Говорил и мрачнел: не лгал он Анне, но и всю правду тоже сил не хватало выложить. Полюбил он Матрену. Так прилип, что Тимошу в глаза глядеть стыдно. Хлопец взрослый, все понимает.

Горько было Богдану: от живого человека мысли утаить – дело нехитрое, от духа ничего не утаишь. Да и не стал бы он утаивать ничего: жалел Анну, не хотел больно сделать ей. Вторую любить, и тоже без памяти, – это ведь на предательство похоже.

Лечил Богдана старик-запорожец, по прозвищу Барвинок. Сколько старик прожил лет, никто не знал, а сам он забыл. Глубокие переяславские деды стариком его помнили. А Барвинок возраста своего не чуял. Болеть он никогда не болел, а только усыхал помаленьку. Был он похож на корешок ходячий. Идет, с землей сливается, а глаза – словно барвинки, синеют, сияют.
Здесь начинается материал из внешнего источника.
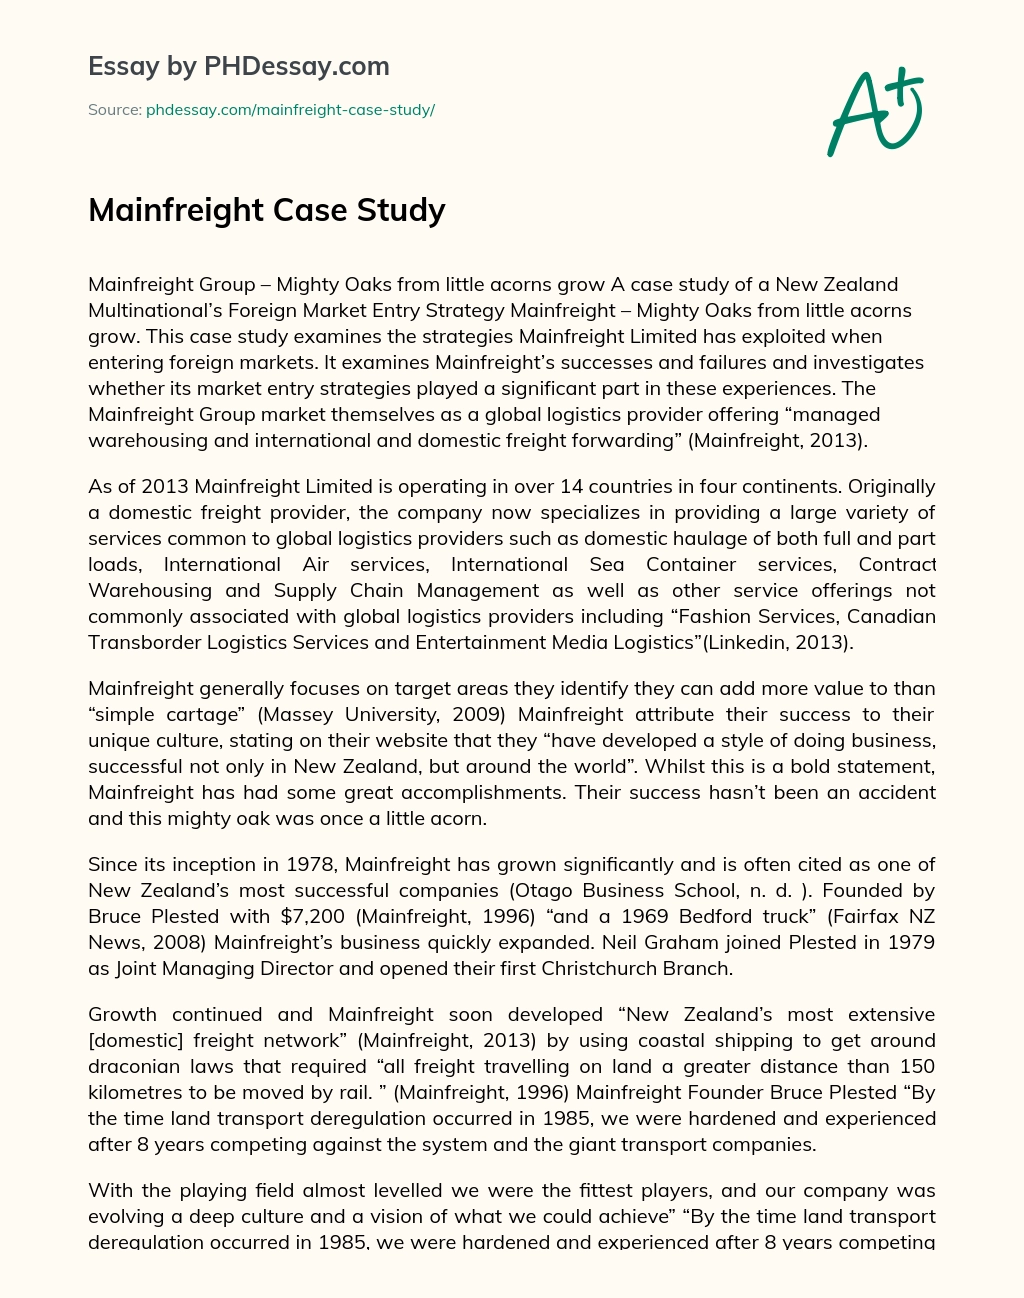 Mainfreight Case Study essay

Как бы ни было скверно человеку, а встретит такие глаза – улыбнется, хоть сквозь слезы, а улыбнется.

– Чем ты меня травишь, дед? – спрашивал Богдан, принимая питье.

– По утрам отвар болиголова тебе даю, – отвечал дед Барвинок. – А на ночь растрил-траву с плакуном да чертополохом – от испуга.
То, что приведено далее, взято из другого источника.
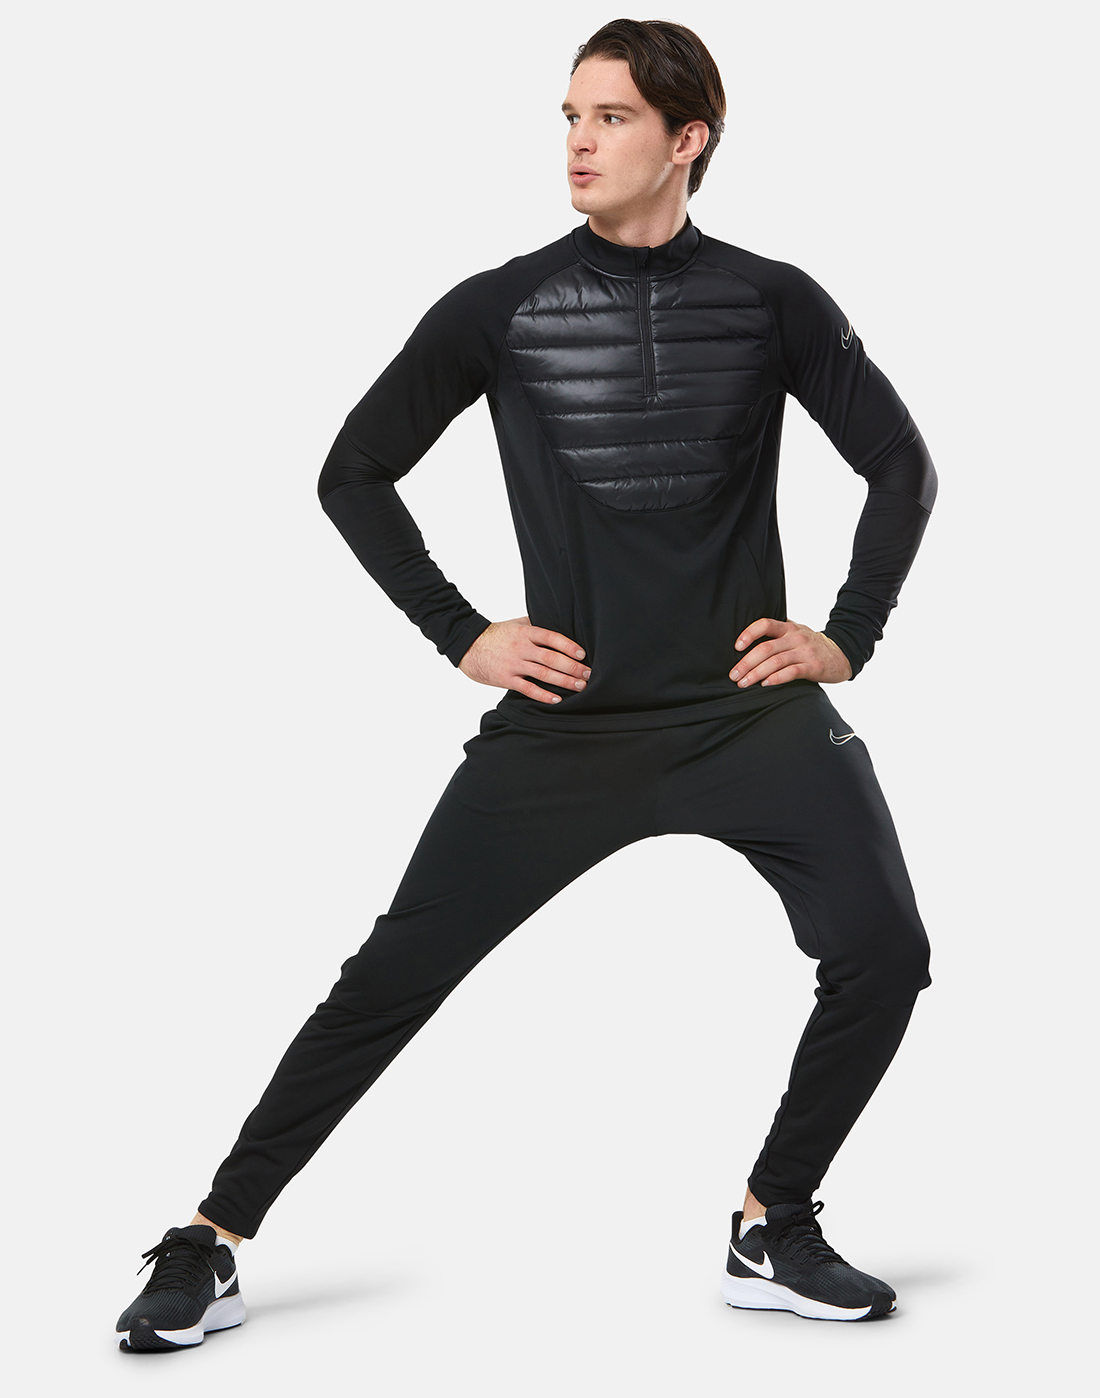 Nike Mens Winter Warrior Academy Pant - Black | Life Style Sports UK

– От какого такого испуга? На труса я, что ли, похож?

– Ты такой удалец, что и сам еще не знаешь, сколько в тебе удали неистраченной живо! – улыбнулся дед Барвинок. – Ум храбрится, да плоть страшится. Плоть я твою врачую. Душа у тебя как пламень, хорошая душа, здоровая. Если бы не твой ум, как знать, дожил бы ты или нет до седых волос с таким огнем в сердце. Ум у тебя сильнее души.
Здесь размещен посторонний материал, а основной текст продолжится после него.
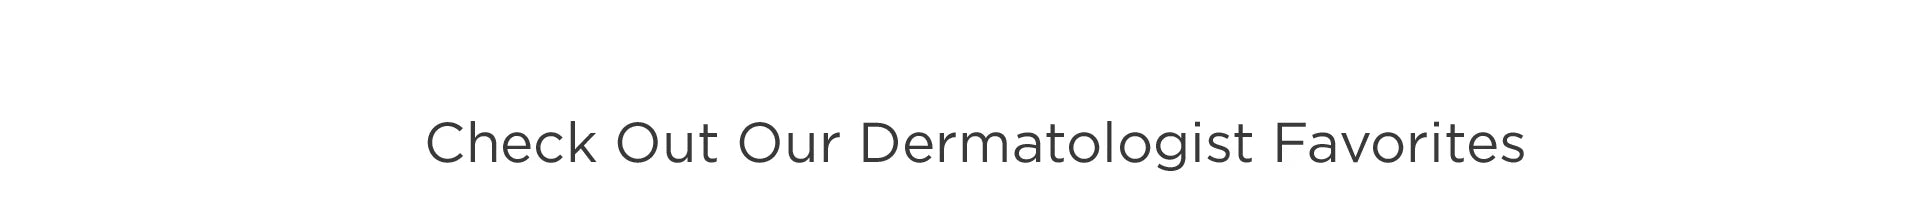 Our Dermatologists Favorites

– А скажи, дед, – глаза у Богдана блестели пронзительно, – скажи ты мне! Бывает, жжет мне сердце. Так жжет, что мечусь. Одно спасение – на коня и по степи гонять… Ничего себе объяснить не могу, только все же знаю: не ту я жизнь прожил, не свою, чужую, маленькую.

– Отчего ж прожил? Ты ведь жив-здоров, один Бог знает, сколько тебе жить осталось и что на роду тебе написано.

– Дедок! Ну какая у меня может быть жизнь впереди? Мне ведь не двадцать и даже не сорок. Мне – пятьдесят два года. Всей моей славы – сотник. Да еще по миру грозятся пустить.

Богдан заворочался на постели, сел, стрельнул глазами на деда Барвинка, но тот укладывать не стал, глядел на казака с улыбкой – Богдан матушку вспомнил. Совсем далекое. Купает его мама в корыте, смеется, зубами блестит, а ему тоже очень хорошо.

– Ты не колдун? – спросил Богдан. Дед Барвинок засмеялся:

– Я – запорожец.

– Ладно. Не в том дело, – махнул рукой Богдан. – В стычке, где меня свои же по голове угостили, погнался я за татарчонком, за пленником моим. Правду сказать, из хитрости погнался. Так нужно было. А вот когда скакал, екнуло у меня сердце… По-особому екнуло, словно бы я цветок папоротника на Ивана Купалу ловил. Поймал татарчонка, и ведь не затрясло меня от радости, но успокоился я тогда очень. Подумалось: все теперь будет как надо. Тут-то меня и шарахнули по башке!

Засмеялся. Боль гвоздем прошибла мозги, и Богдан, морщась, тихонько опустился на подушки.

– Спать тебе, казак, нужно больше, – сказал дед Барвинок. – Спи.

Осенил рукой, и Богдану опять матушка привиделась: стоит, занавеску рукой отслоня, крестит его на сон грядущий.

4

Татарчонок Иса был сыном перекопского мурзы Тугай-бея. Как только Богдану стало лучше, он перевел пленника в горницу.

– Ты не пленник мой, а гость, – объяснил он татарчонку. – Я твоего отца знаю. Он мне друг. Держали тебя взаперти потому, что я сильно болел.

Богдан говорил с Исой по-татарски, тот слушал, но видно было, что не верит ни одному слову.

– Ты очень храбрый джигит, – не отступал Богдан. – На коне сидишь, как никто из наших сидеть не умеет, а вот удар саблей у тебя неверно поставлен. Смотри, как нужно рубить.